Workflow for analyzing human PacBio whole genome sequencing (WGS) data using Workflow Description Language (WDL).
- Docker images used by this workflow are defined in the wdl-dockerfiles repo. Images are hosted in PacBio's quay.io.
- Common tasks that may be reused within or between workflows are defined in the wdl-common repo.
Workflow entrypoint: workflows/main.wdl
PacBio WGS Variant Pipeline performs read alignment, variant calling, and phasing. Joint-calling of small variants and structural variants for cohorts and optional variant filtering and annotation is also available for HiFi human WGS. The workflow can run using Azure, AWS, GCP, and HPC backends.
We recommend cloning the repo rather than downloading the release package. Some tasks and workflows are pulled in from other repositories. Ensure you have initialized submodules following cloning by running git submodule update --init --recursive
.
The workflow requires at minimum 64 cores and 256 GB of RAM. Ensure that the backend environment you're using has enough quota to run the workflow.

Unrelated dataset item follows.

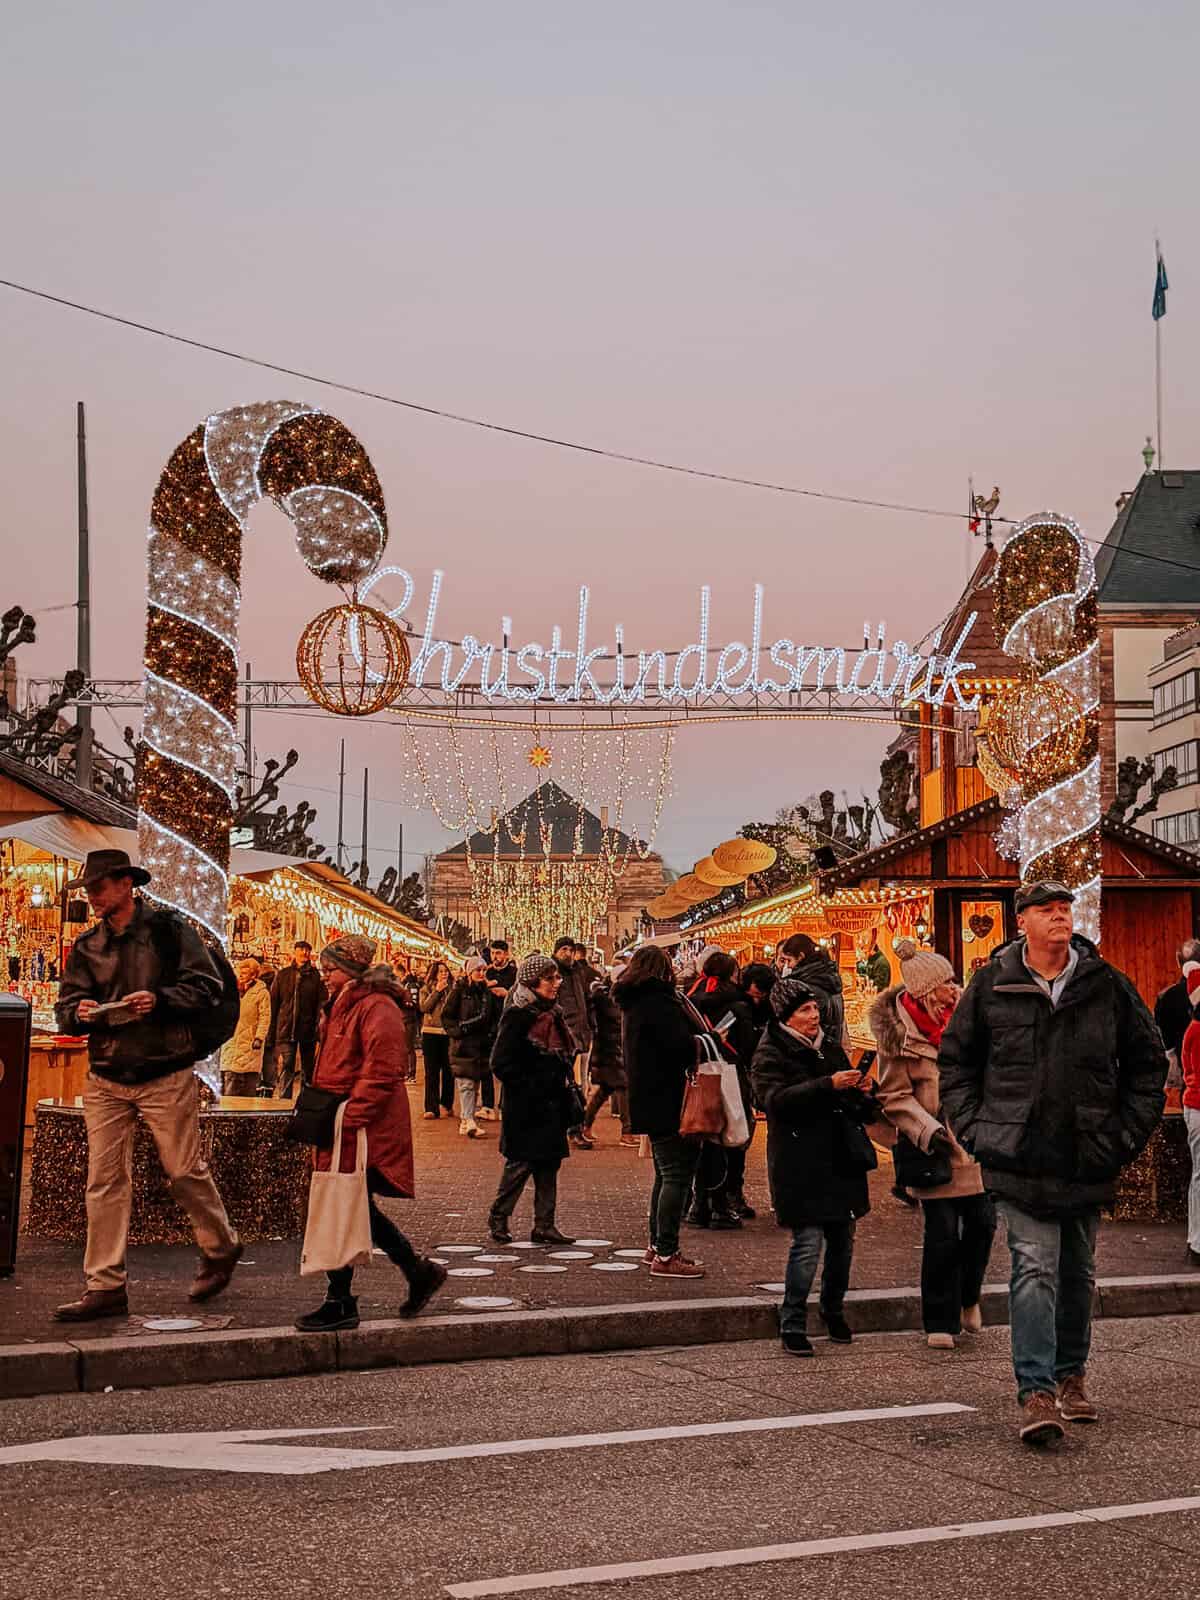 A bustling Christmas market scene during twilight, showing rows of lit stalls under a sign reading 'Christkindelsmärik' with a large candy cane and festive decorations

Reference datasets are hosted publicly for use in the pipeline. For data locations, see the backend-specific documentation and template inputs files for each backend with paths to publicly hosted reference files filled out.
- Select a backend environment
- Configure a workflow execution engine in the chosen environment
- Fill out the inputs JSON file for your cohort
- Run the workflow
The workflow can be run on Azure, AWS, GCP, or HPC. Your choice of backend will largely be determined by the location of your data.
For backend-specific configuration, see the relevant documentation:
An execution engine is required to run workflows. Two popular engines for running WDL-based workflows are miniwdl
and Cromwell
.
Because workflow dependencies are containerized, a container runtime is required. This workflow has been tested with Docker and Singularity container runtimes.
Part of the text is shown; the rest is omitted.